Outro erro encontrado por Lênin na análise de Kautsky encontra-se no que se refere à
questão das anexações. Lênin explica que está errada a constatação de que são anexadas apenas
regiões agrárias e explica que, na realidade, o interesse e a necessidade dos grandes monopólios
capitalistas não estão só nas matérias-primas. A partilha faz com que países queiram regiões
não apenas agrárias, até porque regiões industrializadas também podem ser interessantes a partir
do momento que fortalecem alguma potência e minam a hegemonia de outra. Lênin também
afirma que a definição de Kautsky "zomba precisamente do caráter histórico concreto" do
imperialismo contemporâneo porque não enxerga: 1) "a concorrência de vários imperialismos"
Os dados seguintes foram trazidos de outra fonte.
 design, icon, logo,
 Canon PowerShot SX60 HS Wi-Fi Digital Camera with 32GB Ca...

e 2) "o predomínio do financista sobre o comerciante". Portanto, se Kautsky afirma que os
países industriais só tendem a colonizar países agrários, então ele considera o comerciante como
protagonista, e não o financista. Kautsky, então, acaba separando o viés econômico do viés
político do imperialismo, e erra ao que dá as costas e ignora a profundidade do capitalismo
monopolista e de suas lutas, trazendo a noção de “imperialismo pacífico” que vem a formar um
“ultra imperialismo”, isto é, um único monopólio global. Esquece que, na realidade, os trustes
e os cartéis acentuam a disputa econômica e as disparidades regionais.
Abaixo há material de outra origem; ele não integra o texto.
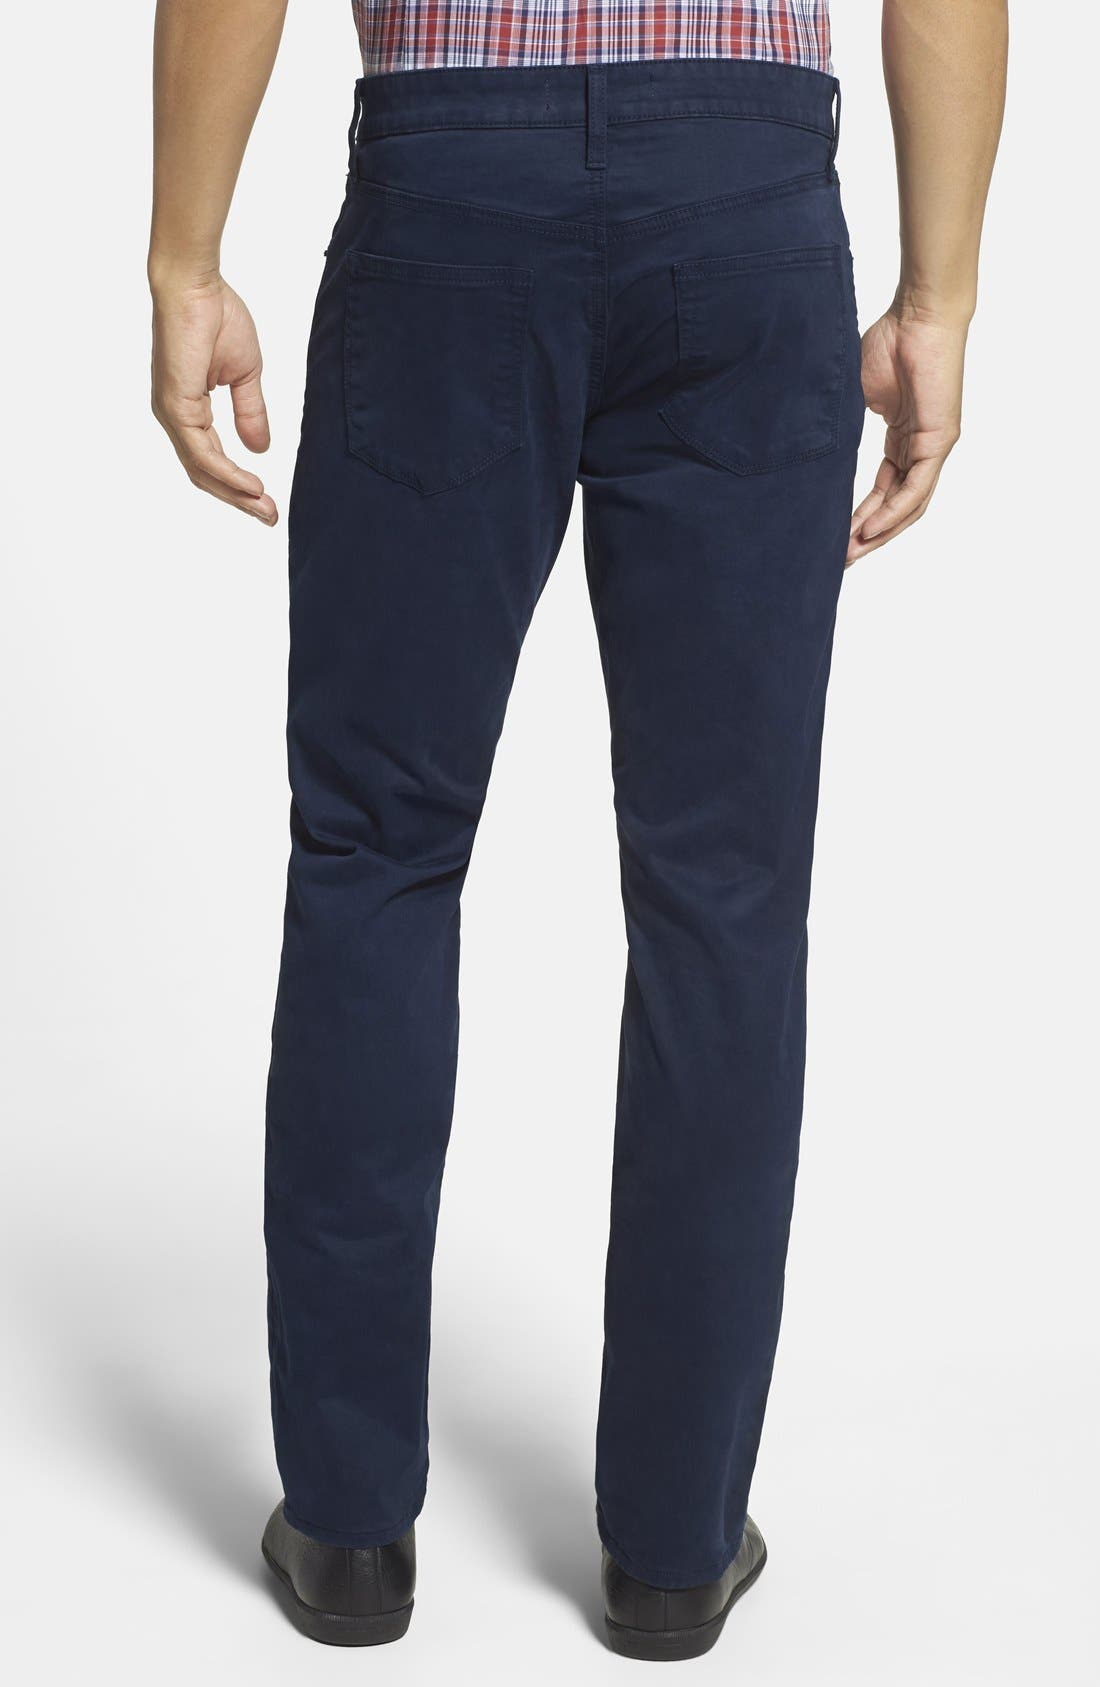 'Kane' Slim Fit Cotton Twill Pants,                             Alternate thumbnail 54, color,

De acordo com Vladimir Lênin, a base econômica mais profunda do capitalismo é, sem
dúvidas, o monopólio, porém, “[...] como todo monopólio, o monopólio capitalista gera
inevitavelmente uma tendência para a estagnação e para a decomposição." (LÊNIN, 2010, p.
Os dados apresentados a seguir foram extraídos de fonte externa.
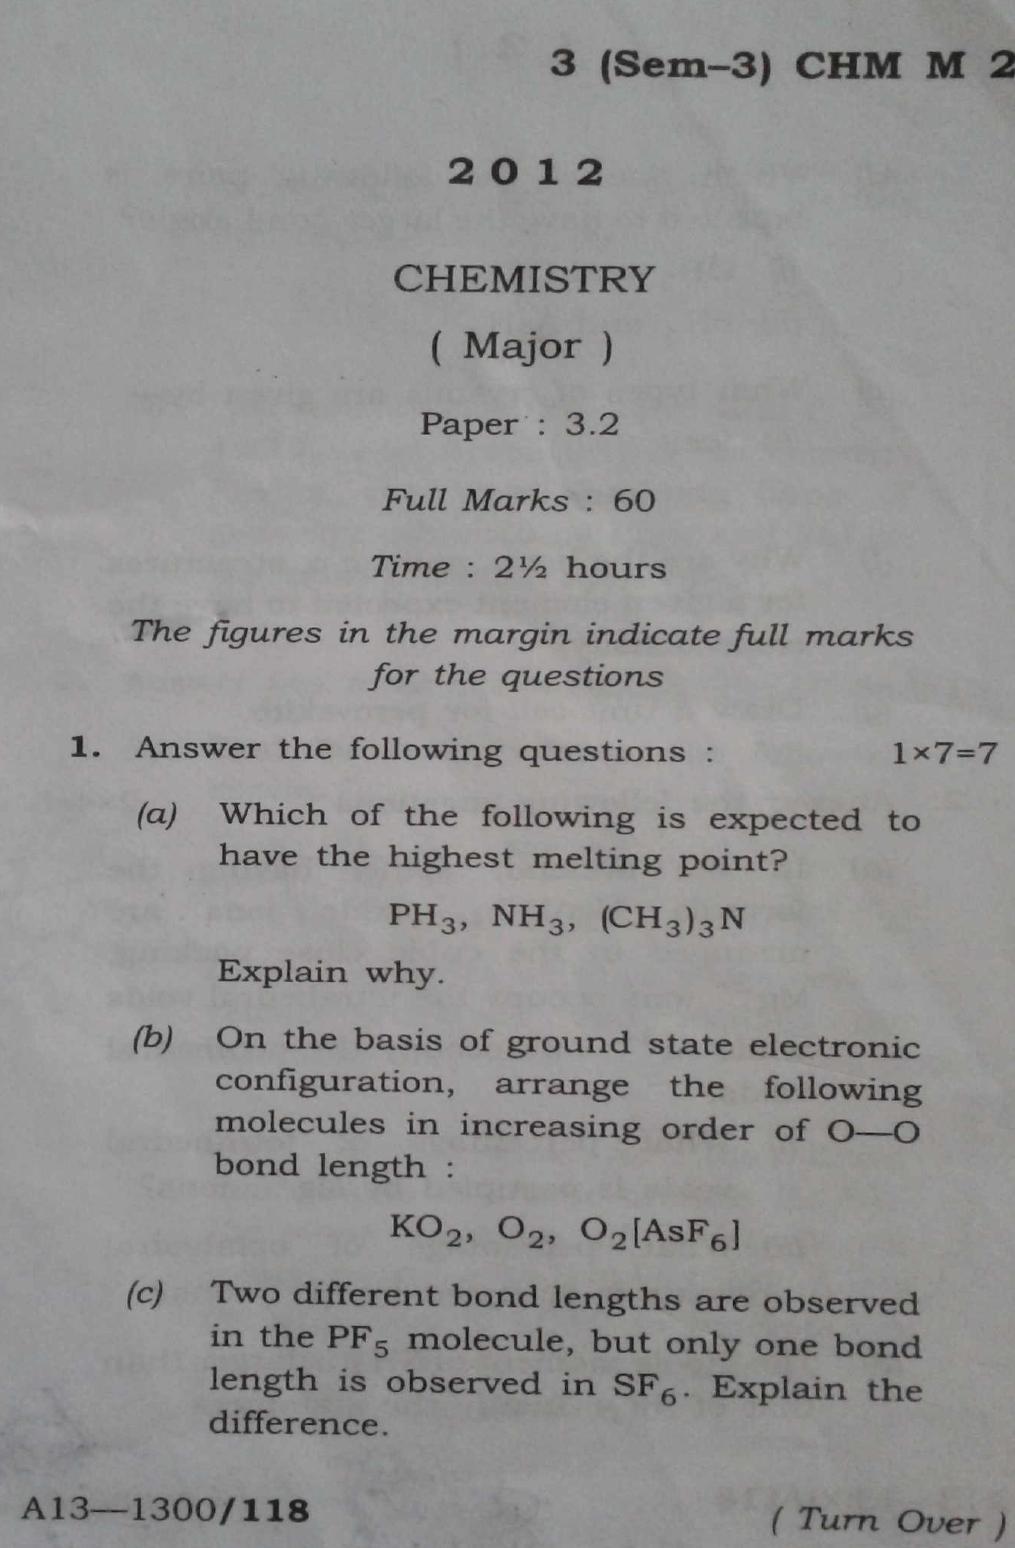 Gauhati University BSc Chemistry Major 2nd Sem 2012 Question

99). A fixação de preços não torna o mercado estimulante. A possibilidade de diminuição de
gastos e aumento de lucros é o que atua em favor das modificações e aperfeiçoamentos, mas
isso não impede o capitalismo de estagnar-se. A decomposição do movimento operário também
é uma característica desse capitalismo a partir do momento que o imperialismo tem uma
tendência a dividir os operários e acentuar o oportunismo entre eles. Percebe-se, então, uma
decomposição em vários níveis.

A ideologia imperialista, entretanto, tenta e acaba sendo vendida de uma forma “bela”,
penetrando nosso meio e o seio da classe operária. A partir do instante que os cientistas e os
publicistas burgueses defendem o imperialismo, ainda que de uma forma mais velada,
ocultando a dominação, as massas são atingidas da maneira que eles querem. Sob o capitalismo,
é impossível o desenvolvimento igual, e Lênin critica esse pacifismo do imperialismo
trabalhado por Kautsky. "O imperialismo é a época do capital financeiro e dos monopólios, que
trazem consigo, em toda a parte, a tendência para a dominação, e não para a liberdade."
(LÊNIN, 2010, p. 120).

Para Lênin, enfim, o capitalismo tem como sua etapa superior o imperialismo. Não é
uma fase histórica, e nem muito menos uma política. É o seu fim natural. A concentração da
produção e o crescimento irrefreável dos Estados provoca monopólios mundiais e a formação
de oligarquias financeiras, que passam a partilhar o mundo de acordo com seus interesses. A
“socialização da produção” torna-se inevitável, uma vez que cada parte da produção se encontra
num lugar do mundo. Essa internacionalização da produção gera o crescimento desigual do
capitalismo e, consequentemente, induz às disparidades regionais globais.